With a general idea the Quantization is the only processing that can be lossy, I thought the encode quality depends on it only. I thought the Prediction determines the encode size but not the quality.

A simple test proofs me wrong.
I’ve run two encodes with different presets: --preset veryfast and –preset veryslow and all other options the same with –tune psnr –qp 8 –ipratio 1.0 –pbratio 1.0 on a 1224 frames. The encodes are 10-bit 1080p HDR from 2160p HDR source Blade Runner 2049 frames: 217348-218574.

The encoding results are shown in the attachment.
I've evaluated the encodes' quality through FFmpeg filter PSNR using SQRT(mse), as more intuitively understandable metric.
The test results show worse quality for --preset veryfast and bigger file size for --preset veryslow
SQRt(mse) PSNR
avg y u v avg y
--preset veryfast 1.756 1.909 1.537 1.246 56.490 55.250
--preset veryslow 1.558 1.660 1.442 1.210 57.040 55.860
veryslow sqrt(y)/veryfast sqrt(y) ratio = 0.869 or veryslow sqrt(y) is 13% less

--preset veryslow: 144,751,026 bytes vs --preset veryfast: 122,153,342 bytes or --preset veryslow file size is 18.5% bigger.

I can understand these results but cannot explain them.

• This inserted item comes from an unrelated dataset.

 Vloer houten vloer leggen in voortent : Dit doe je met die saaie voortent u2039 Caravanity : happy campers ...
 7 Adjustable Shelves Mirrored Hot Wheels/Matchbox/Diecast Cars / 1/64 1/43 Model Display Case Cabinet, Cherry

Or which options actually and how are they determine the lower sqrt(me) value - the better quality - for the --preset veryslow.
Way more things happen than simple quantization! Whole different tools get turned on in higher presets that aren't available at lower presets. Psychovisual modeling and optimization is applied. These might have an indirect impact on quantization, but it certainly isn't linear.

At higher presets, the correlation between QP and subjective quality probably worsens, since so many other ways to improve subjective quality get applied.

SpasV

29th May 2019, 19:16

Thanks.
x265 is a complex software and it is not trivial to control the encoding process.
By trial and error method I've found the option --rdoq-level <0|1|2> to be crucial in this case.--rdoq-level
Specify the amount of rate-distortion analysis to use within quantization:
At level 2 rate-distortion cost is used to make decimate decisions on each 4x4 coding group, ...
I've set --rdoq-level 2 with --preset medium and I've got good encoder performance and quality.
SQRT(mse) PSNR
avg y u v avg y
--preset veryfast 1.756 1.909 1.537 1.246 56.490 55.250
--preset veryslow 1.558 1.660 1.442 1.210 57.040 55.860
--preset medium + 1.587 1.697 1.451 1.224 56.800 55.590
--rdoq-level 2

Asmodian

31st May 2019, 21:42

Not that either of your metrics correlate particularly well with human perceptions of quality...

Have you tried using the slow preset? It is only one step slower than medium and it is the fastest preset that enables rdoq-level 2 by default. I have found the presets to be very good for quality v.s. speed tradeoffs.

SpasV

2nd June 2019, 14:34

I'm not an encoding fan. If I do encode my criterion is max quality at acceptable size which can be fulfilled when resizing the source frame - for example from UHD to HD. At HD frame size and an average 0.6 - 0.7 bpp, which is the usual BluRay quality, the encode size is pretty good.
For this reason I don't rely on human perceptions because at high quality there are not differences for a human to see.

And for this reason I implement --tune psnr (disables adaptive quant, psy-rd, and cutree).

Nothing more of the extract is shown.